The final level of potential will involve using existing sensor data and fine-tuning these settings and pushing performance limits.
“There are things that assistive tools can do that an individual driver — no matter how experienced you are — can’t do on their own,” said Scott Kunselman, a former chief engineer at Jeep, an automotive veteran and consultant to Potential. “Stability controls are a good example because to activate stability control, you need independent brake control. The driver has only one brake pedal and activates the entire braking system simultaneously. Whereas stability control can activate each wheel individually so you can create, for example, the ability to compensate for yaw in a vehicle.”

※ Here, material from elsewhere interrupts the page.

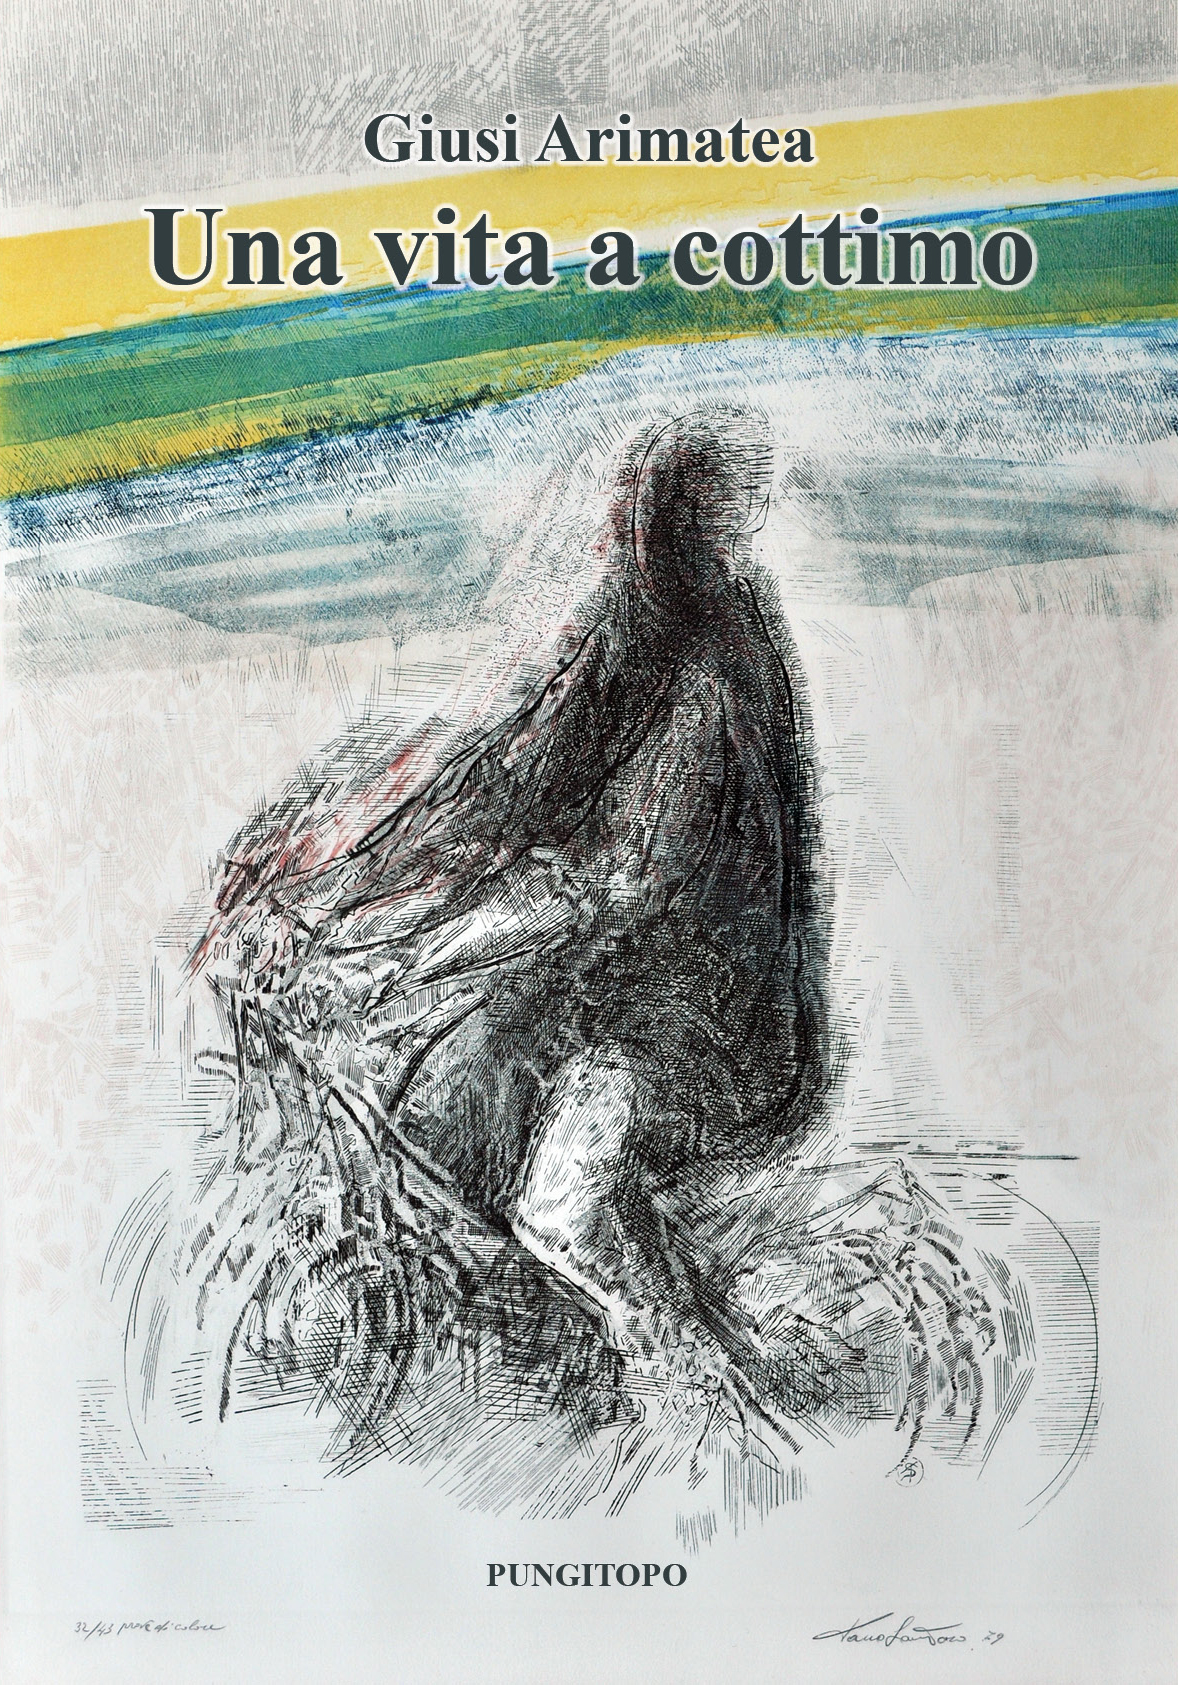 Clicca sulla cover per acquistare il romanzo di Giusi Arimatea

Yaw, by the way, is when a vehicle’s weight shifts from its center of gravity to the right or left, which can cause it to shimmy outward or fish.
Potential said it works with both Tier 1 suppliers and OEMs to license its software and integrate it directly into vehicles. Andreev suggests a possible focus on business relationships with Tier 1 suppliers instead of OEMs who are less likely to take a chance on a small startup.